SPIDER - Data Profiling
Many real life databases lack sufficient structural information such as foreign keys. These constraints are often not defined due to performance reasons, lacking knowlegde of the data, or due to dirty data, which do not entirely hold the constraints. Thus, we want to detect foreign keys automatically.
This problem is devidable in two steps: First, find all inclusion dependencies, i.e., attributes A and B such that all values of A are included in all values of B. This definition fits the syntactical and automatically testable part of a foreign key constraint. In the second step, we want to find heuristics to filter foreign keys from inclusion dependencies.
We developed our algorithm SPIDER (Single Pass Inclusion DEpendency Recognition) to detect inclusion dependencies over large schemas.

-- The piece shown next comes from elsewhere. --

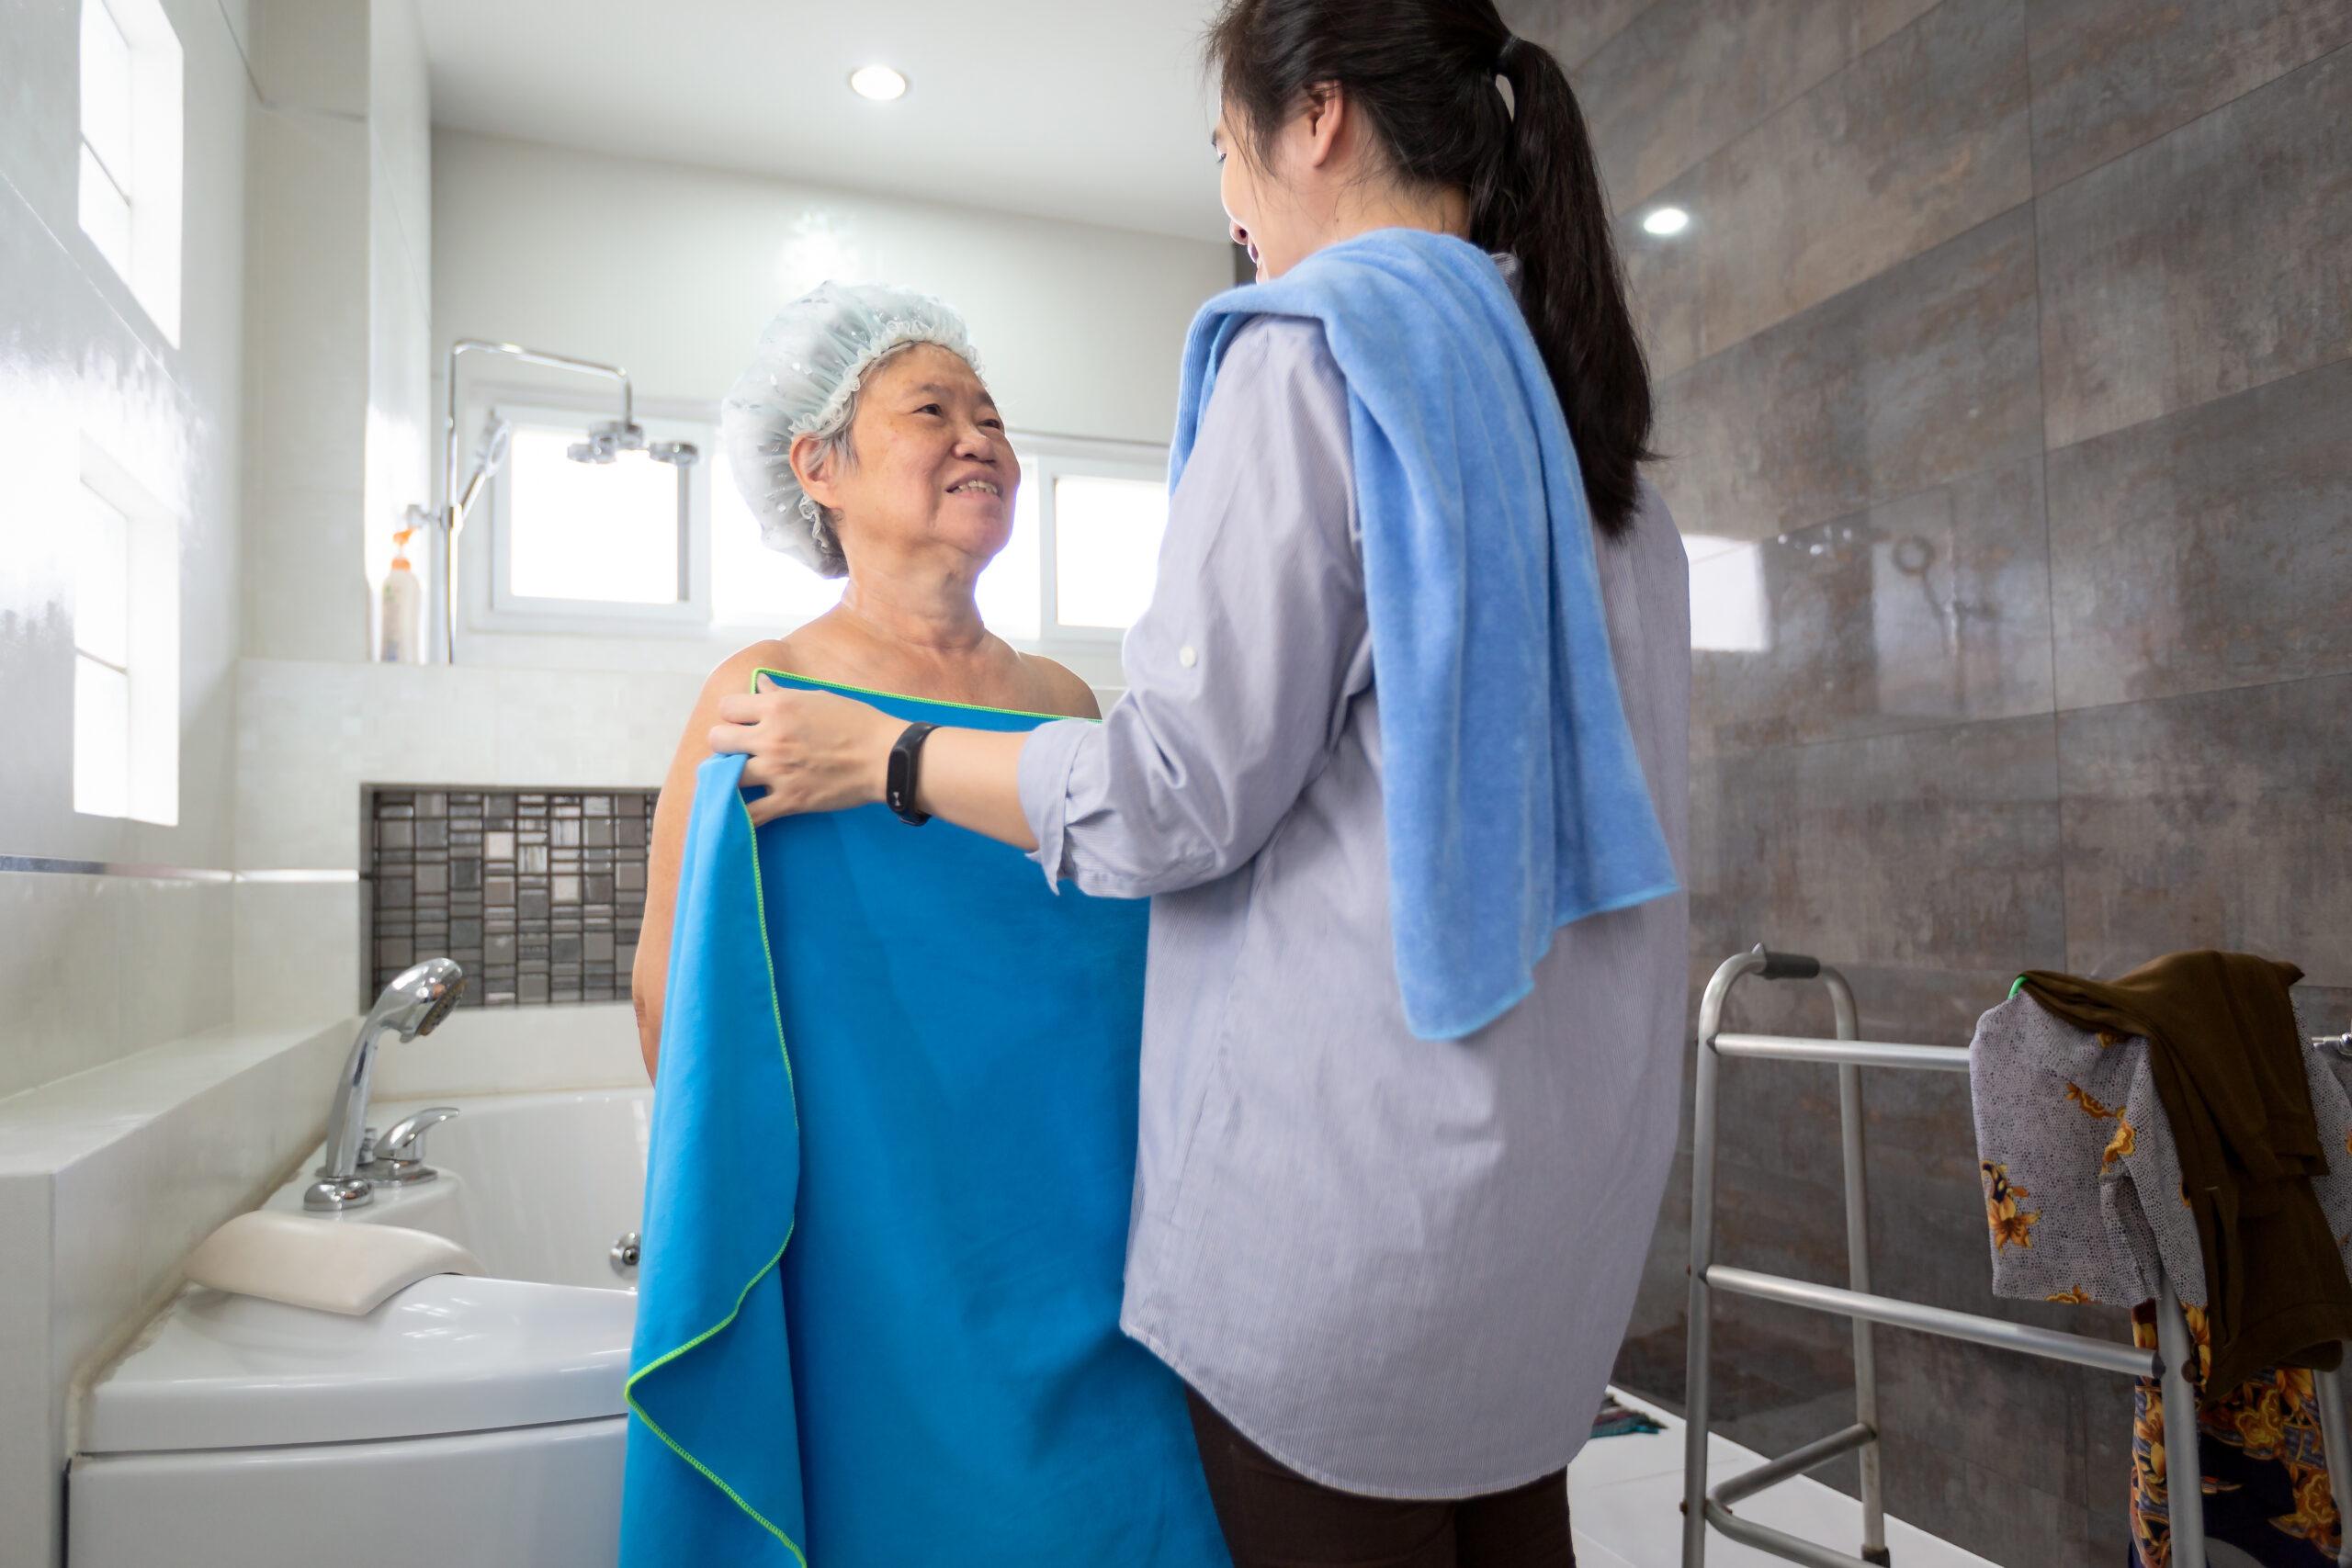 Adult Care Bath Tub (coming soon)

The challenge is the quadratic complexity of the problem in the number of attributes. SPIDER sorts and "distincts" all attributes in the database system. Afterwards, it tests all attribute pairs in parallel while reading all values at most once. We showed that SPIDER clearly outperforms previous approaches for detecting inclusion dependencies exactly.
An extension of SPIDER detects partial inclusion dependencies to handle dirty data and detects composite inclusion dependencies to cover composite keys and foreign keys.
SPIDER was developed in the context of the Aladin project.